You can perform the following actions on the user’s account:

  • Add to watchlist. When you want to monitor a user for future potential threats, you can add them to a watchlist.

  • Notify admin. When there is any unusual or suspicious activity on the user’s account, an email notification is sent to all Citrix Cloud administrators.

  • Log off user. When a user is logged off from their account, they cannot access the resource through Virtual Desktops.

  • Start session recording. If there is an unusual event on the user’s Virtual Desktops account, the administrator can begin recording the user’s activities of future logon sessions. However, if the user is on Virtual Apps and Desktops 7.18 or a greater version, the administrator can dynamically start and stop recording the user’s current logon session.

To learn more about actions and how to configure them manually, see Policies and Actions.

To apply the actions to the user manually, navigate to the user’s profile and select the appropriate risk indicator. From the Action menu, select an action and click Apply.

Unusual time of application access (Virtual)

Citrix Analytics detects data threats based on a user’s access from a new application and triggers the corresponding risk indicator.

The Unusual time of application access risk indicator is triggered when a Citrix Receiver user exhibits unusual app usage behavior. Unusual behavior might be the first-ever launch of an HDX application during a particular time of the day.

When is the unusual time of application access risk indicator triggered?

The Unusual time of application access risk indicator is reported when the user attempts to access an application they have not previously used, factoring in time of day.

When Citrix Receiver detects this behavior, Citrix Analytics receives this event and assigns a risk score to the respective user. The Unusual time of application access risk indicator is added to the user’s risk timeline and an alert is displayed in the Alerts panel.

How to analyze the unusual time of application access risk Indicator?

Consider the user Georgina Kalou, who is logged on to a session and attempts to access an application for the first time during non-working hours.

From Georgina Kalou’s timeline, you can select the reported the Unusual time of application access risk indicator. The reason for the event is displayed along with details such as the application’s name, the time zone it was accessed from, and so on.

To view the Unusual time of application access risk indicator reported for a user, navigate to Security > Users, and select the user.

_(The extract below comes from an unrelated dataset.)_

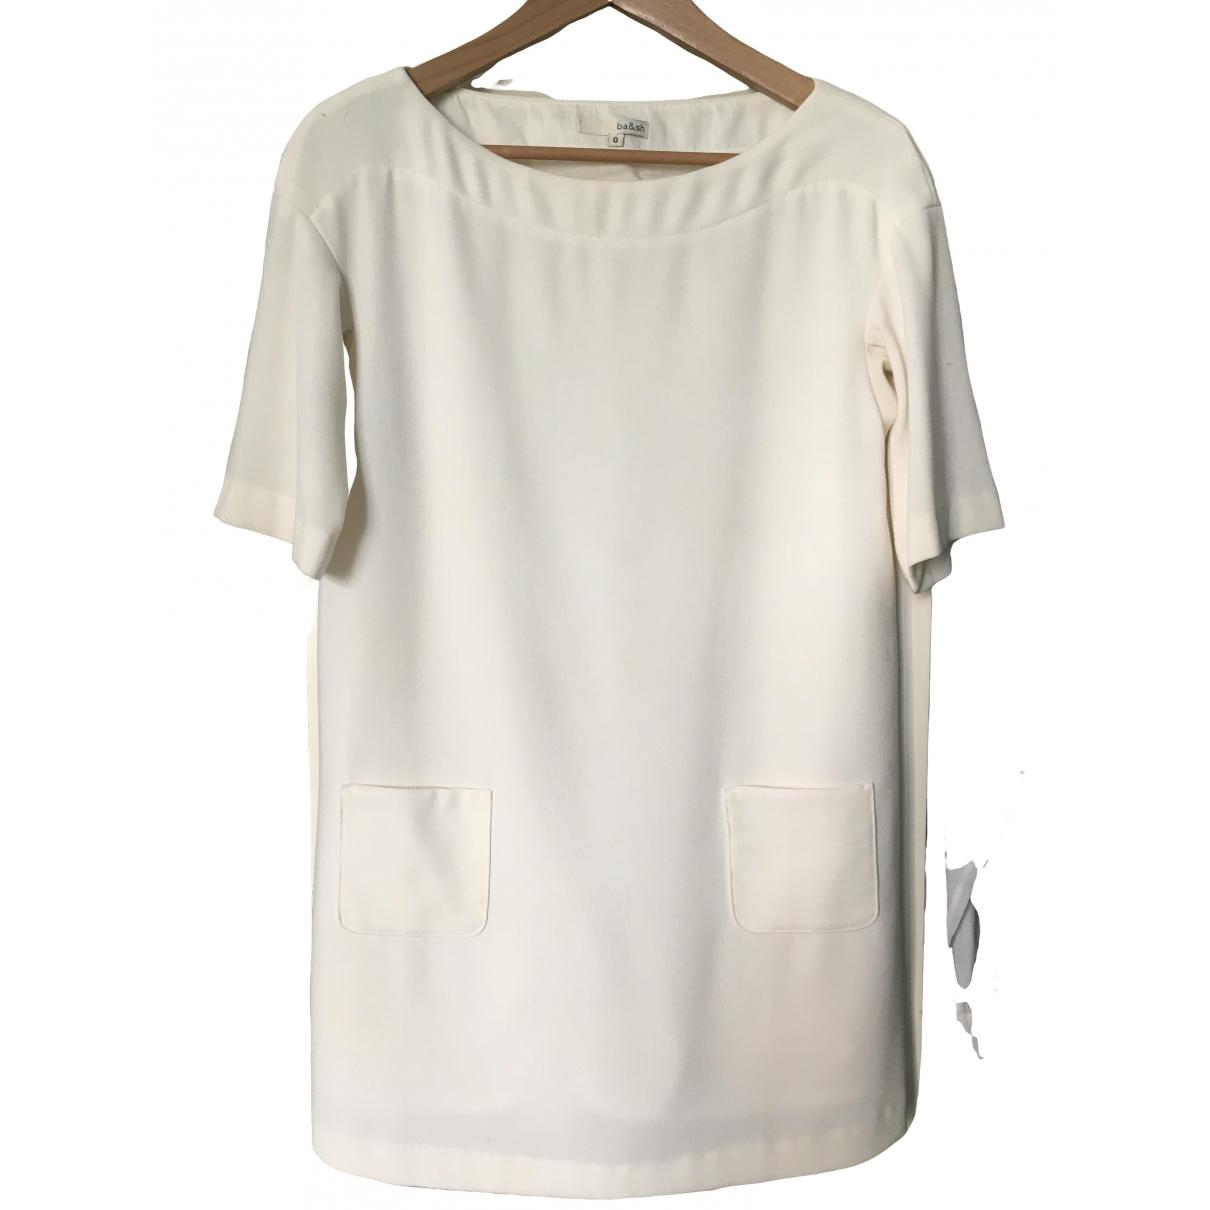 Ba&sh \N Ecru dress for Women 36 FR

Unusual time of application access

  • The WHAT HAPPENED section, you can view the summary of the event. You can view the number of new applications that were accessed and when they were accessed.

Unusual time of application access what happened

  • The EVENT DETAILS section, the event is displayed in graphical and tabular format. The events appear as individual entries in the graph and the table provides the following key information about the events:

    • Time. The time the application was accessed.

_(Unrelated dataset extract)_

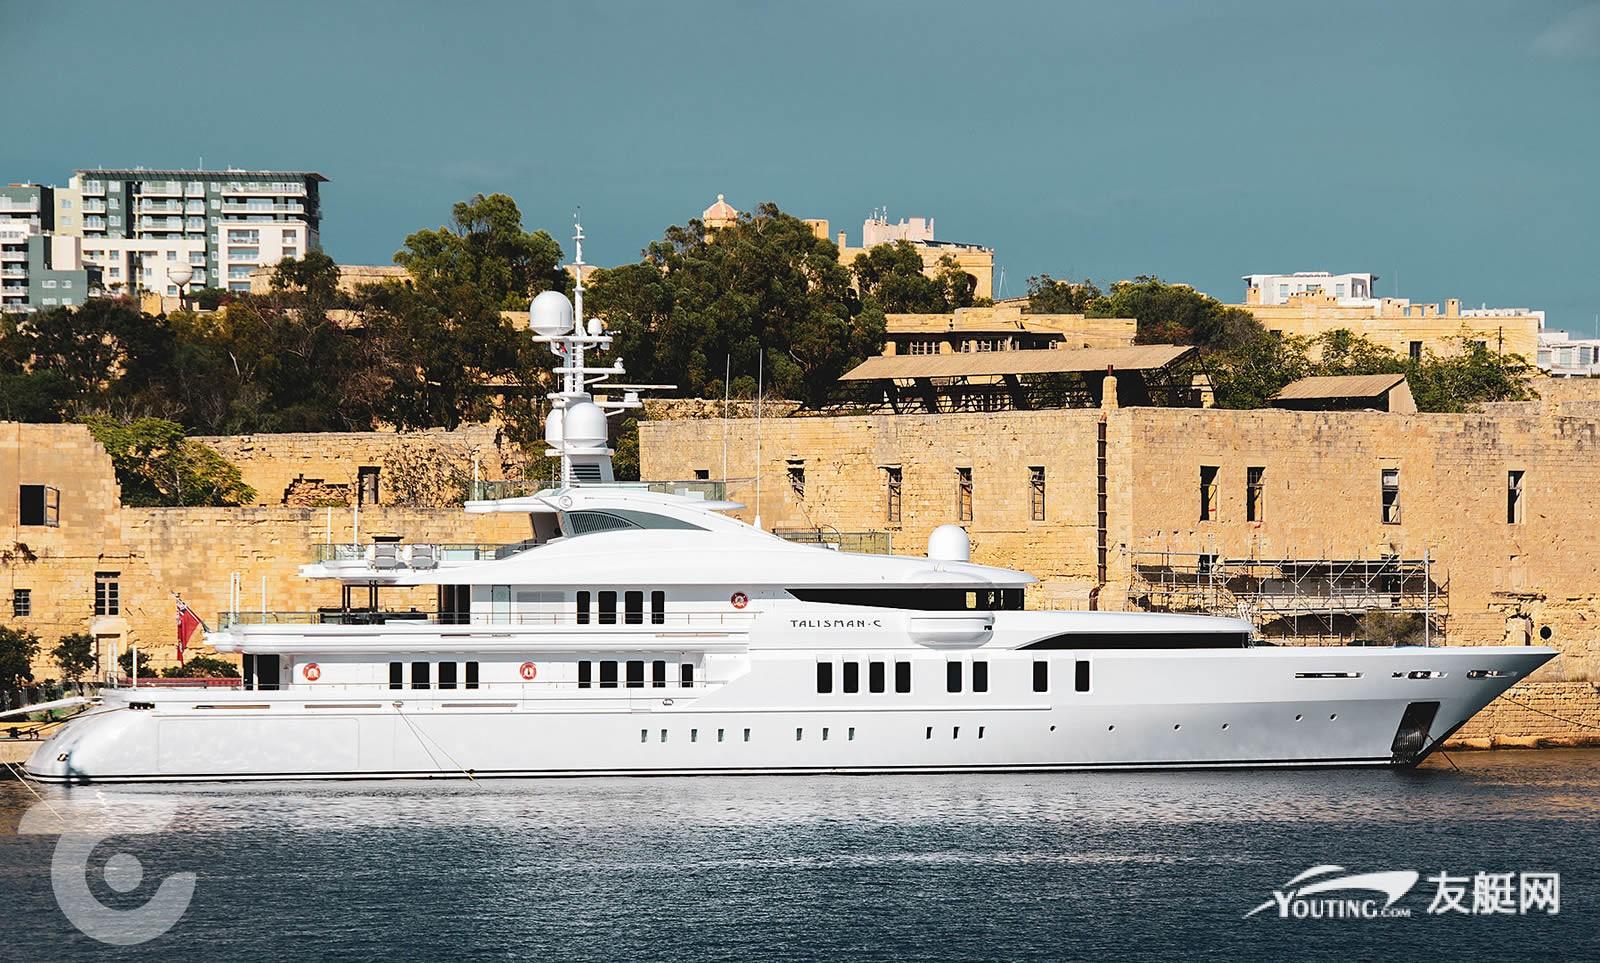 Turquoise Yachts 超艇 Talisman C

    • Application name. Name of the application accessed.

    • Time zone. Time zone from which the application is accessed.

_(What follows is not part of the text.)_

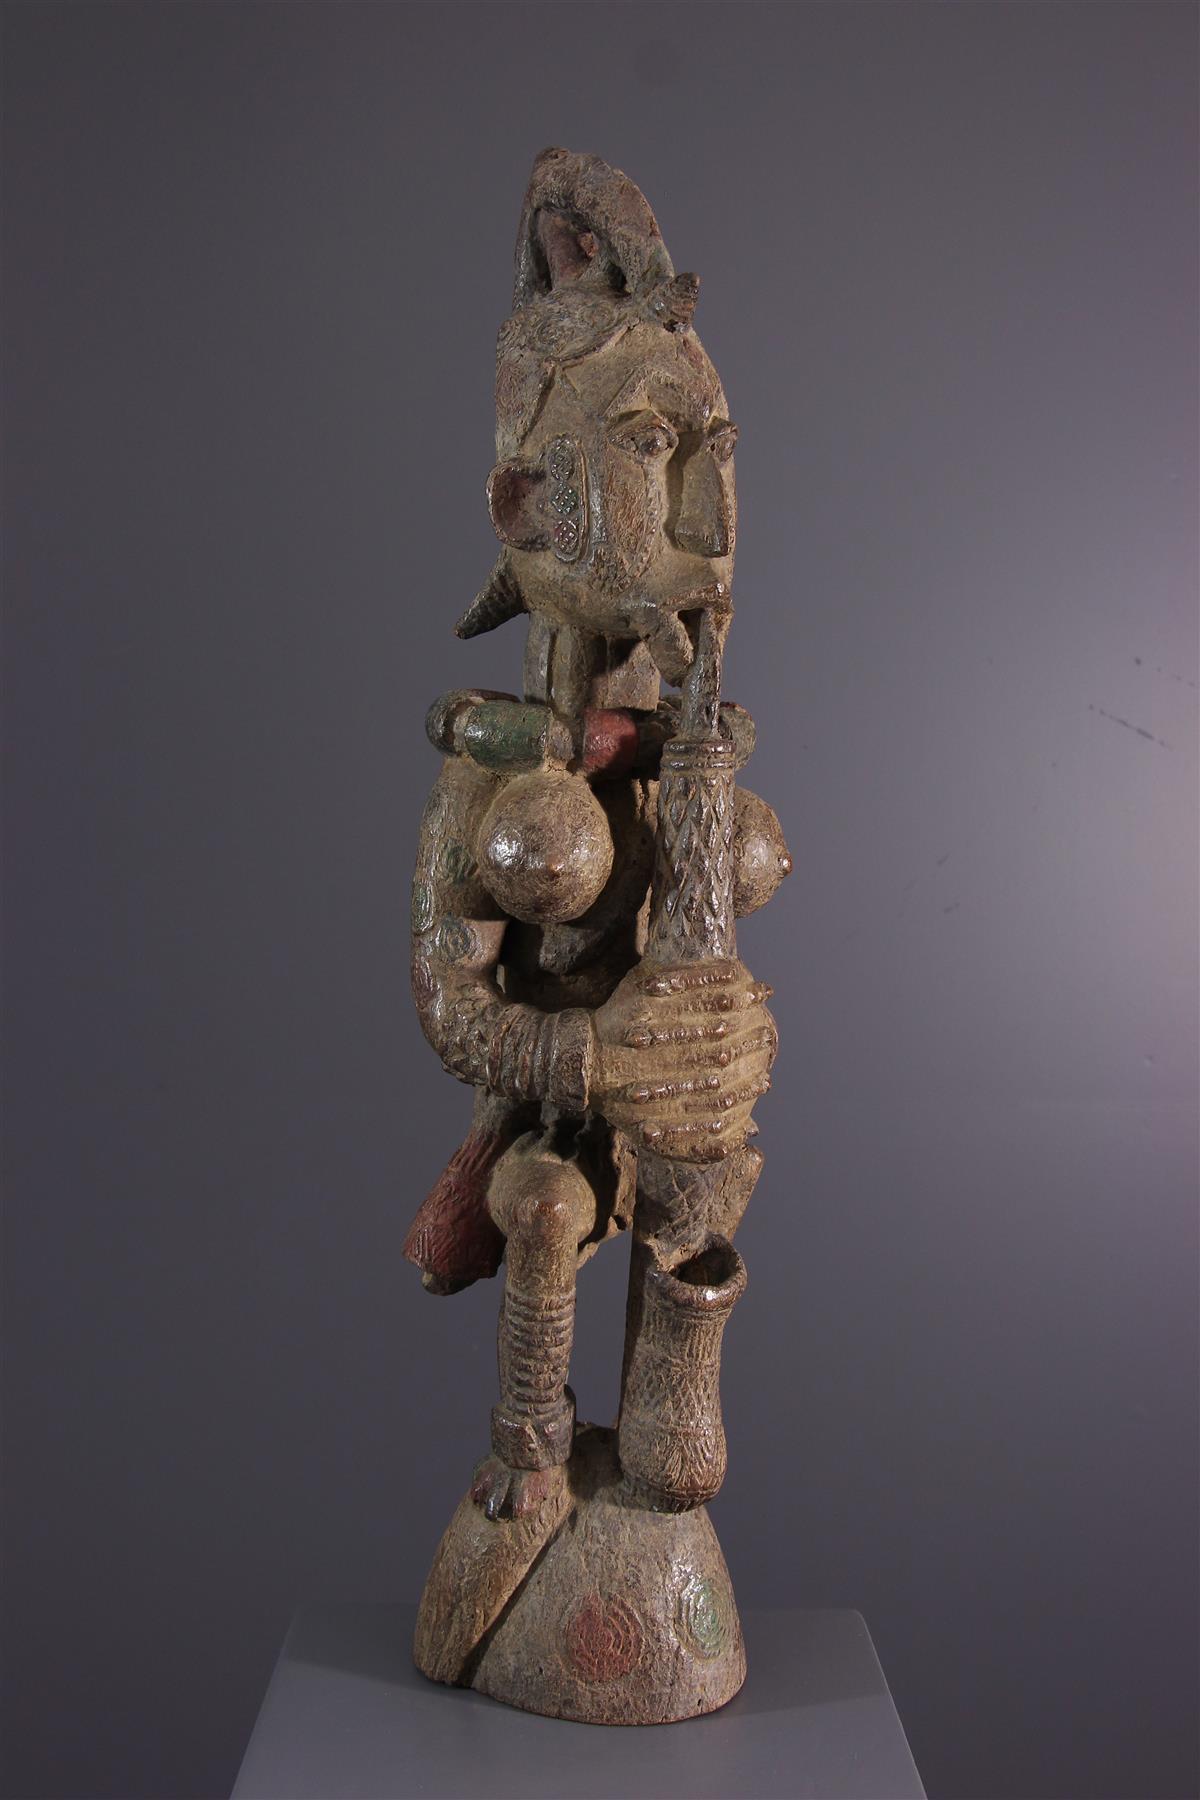 Igbo standbeeld - Afrikaanse kunst

    Unusual time of application access event details

What actions you can apply to the user?

You can perform the following actions on the user’s account:

  • Add to watchlist. When you want to monitor a user for future potential threats, you can add them to a watchlist.

  • Notify admin. When there is any unusual or suspicious activity on the user’s account, an email notification is sent to all Citrix Cloud administrators.

  • Log off user. When a user is logged off from their account, they cannot access the resource through Virtual Desktops.

  • Start session recording. If there is an unusual event on the user’s Virtual Desktops account, the administrator can begin recording the user’s activities of future logon sessions. However, if the user is on Virtual Apps and Desktops 7.18 or a greater version, the administrator can dynamically start and stop recording the user’s current logon session.

To learn more about actions and how to configure them manually, see Policies and Actions.

To apply the actions to the user manually, navigate to the user’s profile and select the appropriate risk indicator. From the Action menu, select an action and click Apply.